3- Existence de limites à la nécessité d’autorisation.
L’examen des deux cas précédents permet de tirer une leçon : il existe des limites à la nécessité de l’autorisation parlementaire avant toute poursuite ou arrestation. Ainsi :
– Pendant les sessions parlementaires, un député peut être poursuivi et arrêté en cas de flagrant délit.
– En dehors de toute session parlementaire, un député peut être arrêté en cas de flagrant délit, de poursuite autorisée ou de condamnation définitive.
Mais dans tous les cas, il faut une autorisation de l’Assemblée nationale pour que la procédure suive son cours normal, sinon la menace du véto (voir section 3) est toujours permanente.

B- L’autorisation de poursuite de l’Assemblée nationale :

La levée de l’immunité
Aux termes des articles 70 et 71 du Règlement intérieur de l’Assemblée nationale, il existe des hypothèses de levée d’immunité parlementaire, ainsi qu’une procédure précise à respecter.
1- Les hypothèses de levée d’immunité parlementaire :
L’immunité parlementaire peut être levée dans les cas ci-après :
• cas de délit ou de crime flagrant lorsque le député, auteur, co-auteur ou complice de l’infraction poursuivie, aura déjà été ou non arrêté et détenu ;
• cas de délit ou de crime lorsque des poursuites doivent être engagées contre le député, auteur, co-auteur ou complice d’une infraction;
• cas de délit ou de crime, lorsque les poursuites engagées contre le député auteur, co-auteur ou complice de l’infraction sont provisoirement suspendues.

2- Procédure de levée d’immunité parlementaire

La demande de levée d’immunité parlementaire est adressée au Président de l’Assemblée nationale.
Toute demande de levée d’immunité est instruite par une commission spéciale composée de :
• un membre du Bureau de l’Assemblée nationale, Président
• le Président ou à défaut, un Rapporteur de la commission des lois, de l’administration et des droits de l’homme, Rapporteur
• un représentant de chaque groupe parlementaire.
La commission spéciale entend le député dont la levée de l’immunité parlementaire est demandée ou celui de ses collègues qu’il aura désigné pour le représenter.
Le rapport de la commission spéciale est transmis à la Conférence des présidents pour avis avant d’être inscrit à l’ordre du jour de la plus prochaine séance de l’Assemblée nationale, suivant la procédure de traitement des questions urgentes.
La décision relative à la levée de l’immunité parlementaire est prise par l’Assemblée en séance plénière au cours de laquelle, il n’est donné lecture que des conclusions du rapport de la commission spéciale.
La décision d’accorder ou de rejeter la levée de l’immunité parlementaire est adoptée sous forme d’une résolution par la majorité absolue du nombre des députés calculée par rapport au nombre des sièges effectivement pourvus.
Cette décision ne s’applique qu’aux infractions pour lesquelles la levée de l’immunité parlementaire a été demandée.
En cas de rejet, aucune autre demande relative aux mêmes faits et à la même personne n’est recevable au cours de la même session.

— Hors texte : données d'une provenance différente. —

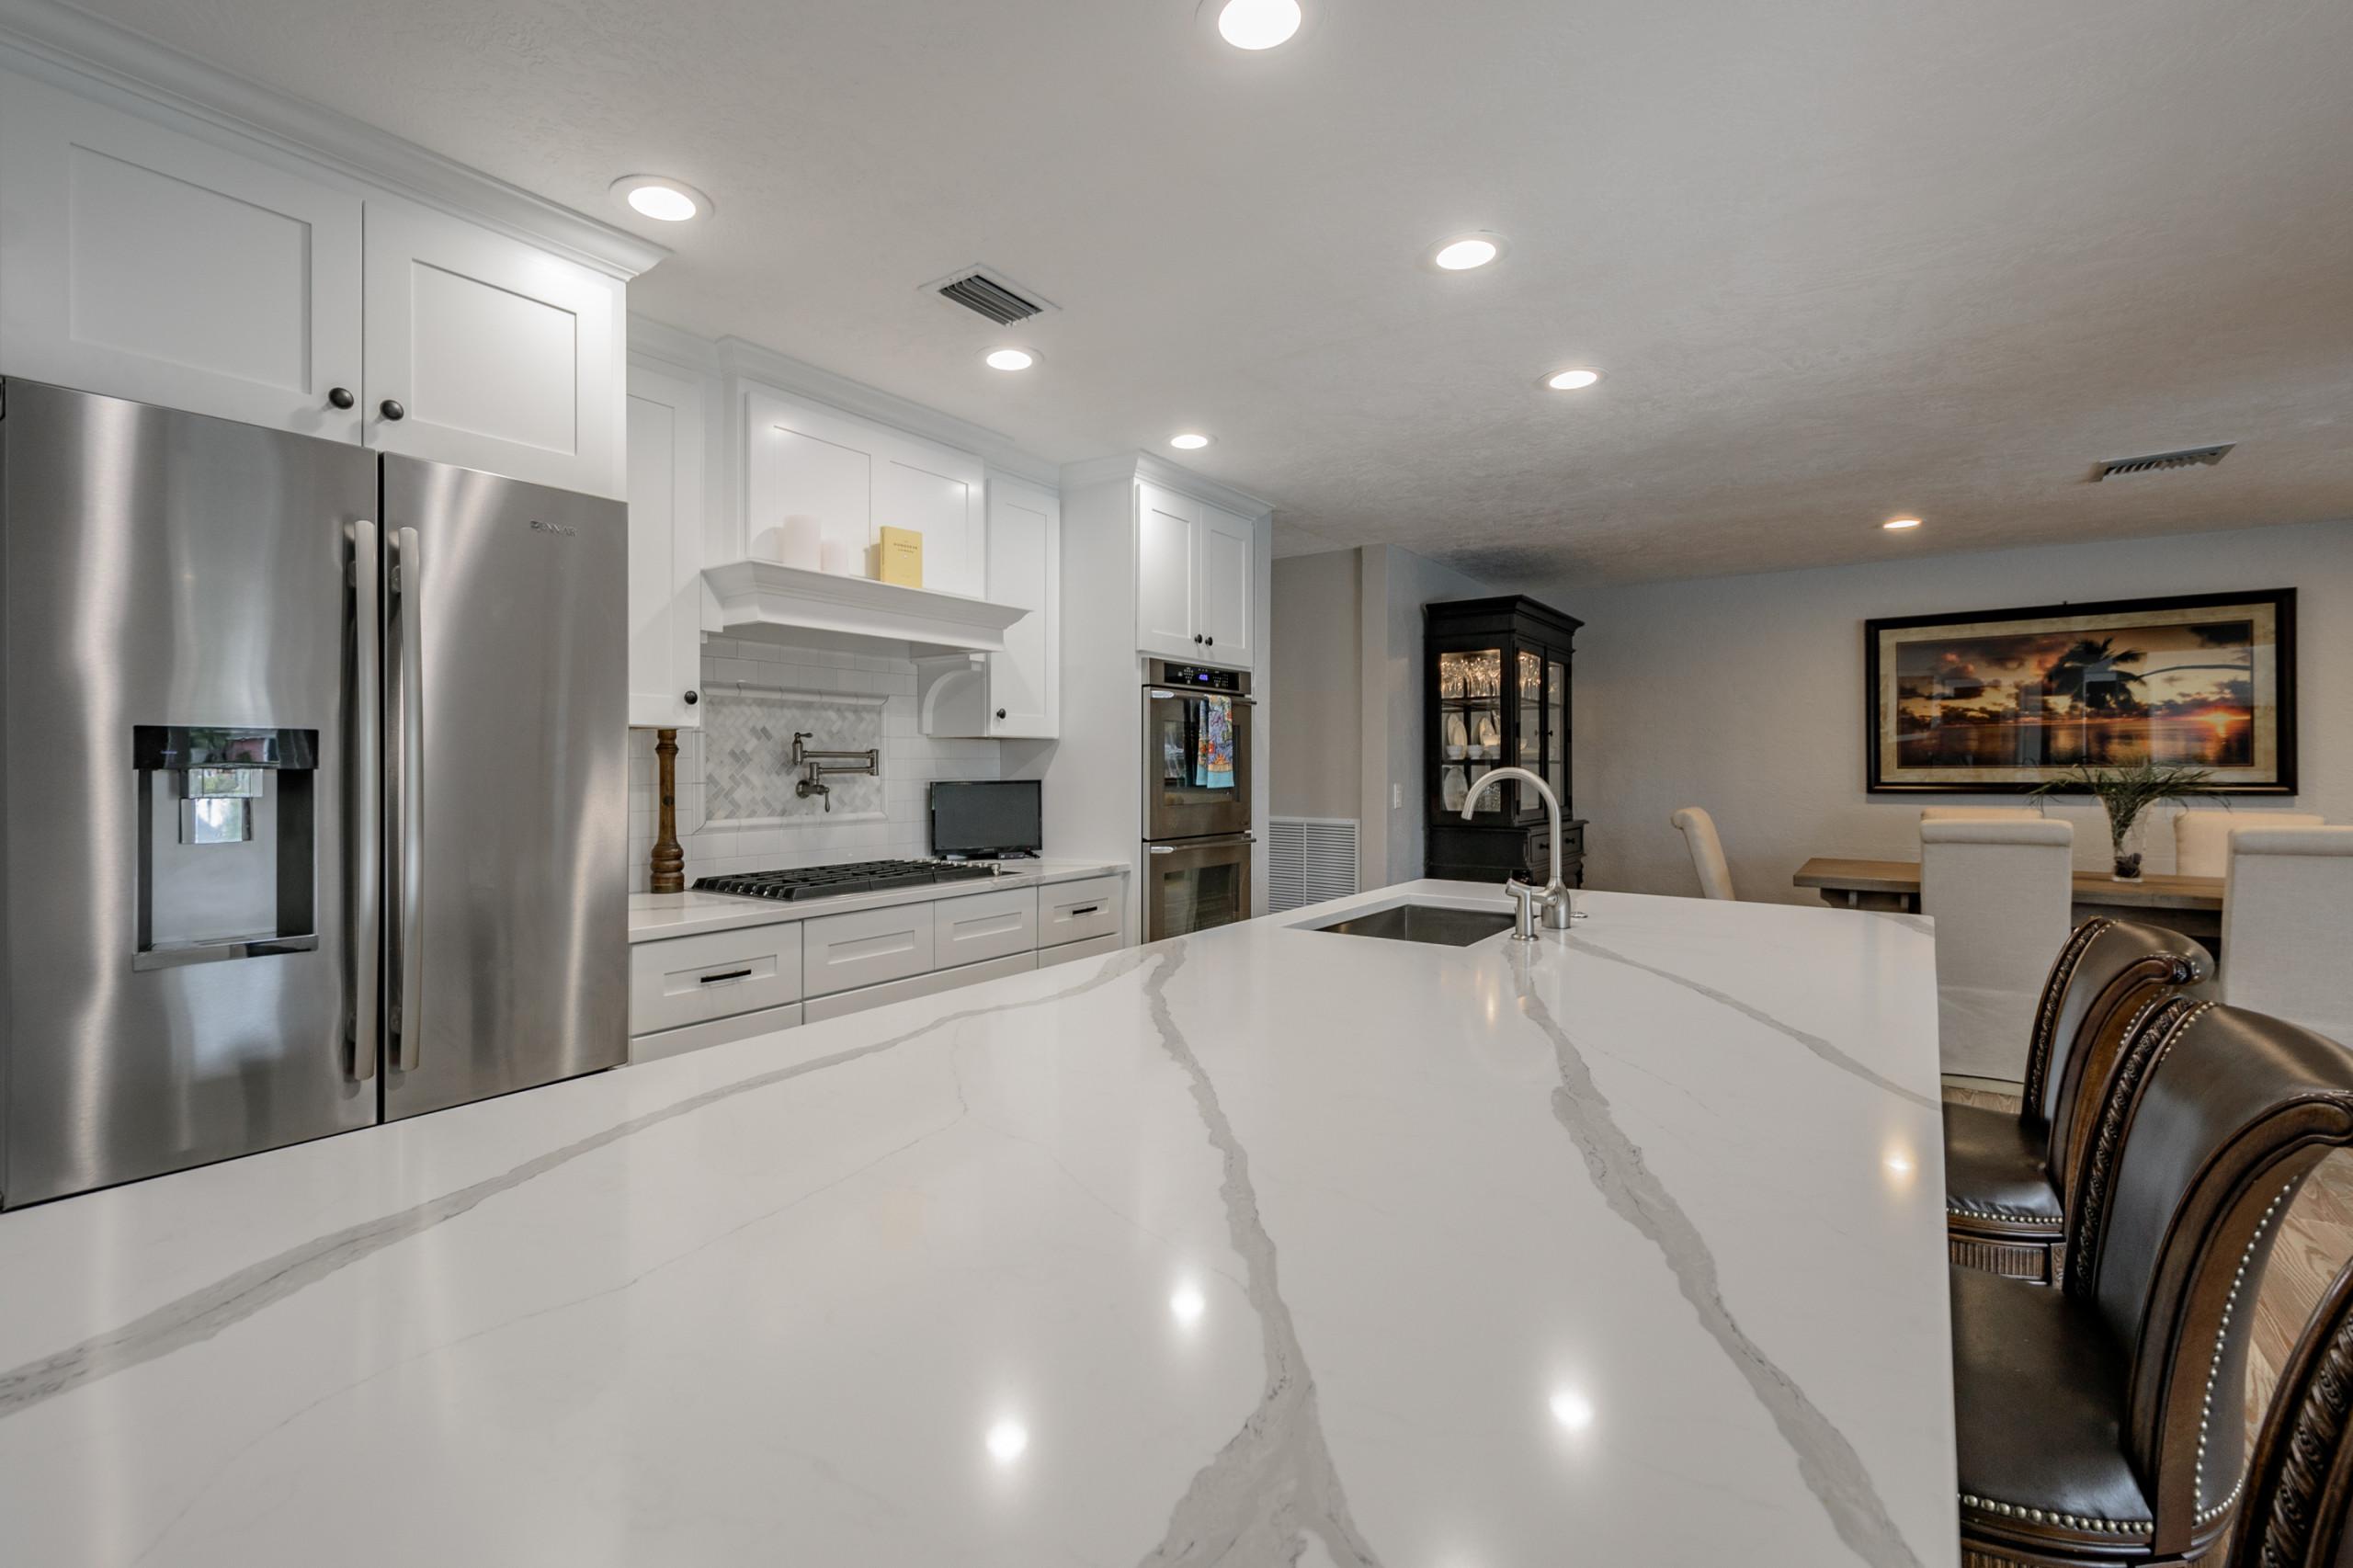 Coastal kitchen with natural pine floors

Section 3 : Le véto parlementaire
Elle s’exprime à travers le quatrième alinéa de l’article 90 de la Constitution.
« La détention ou la poursuite d’un député est suspendue si l’Assemblée Nationale le requiert par un vote à la majorité des deux tiers. »
Il s’agit d’une immixtion du législatif dans le Judiciaire, mais cette immixtion est constitutionnelle, donc voulue par le constituant lui-même.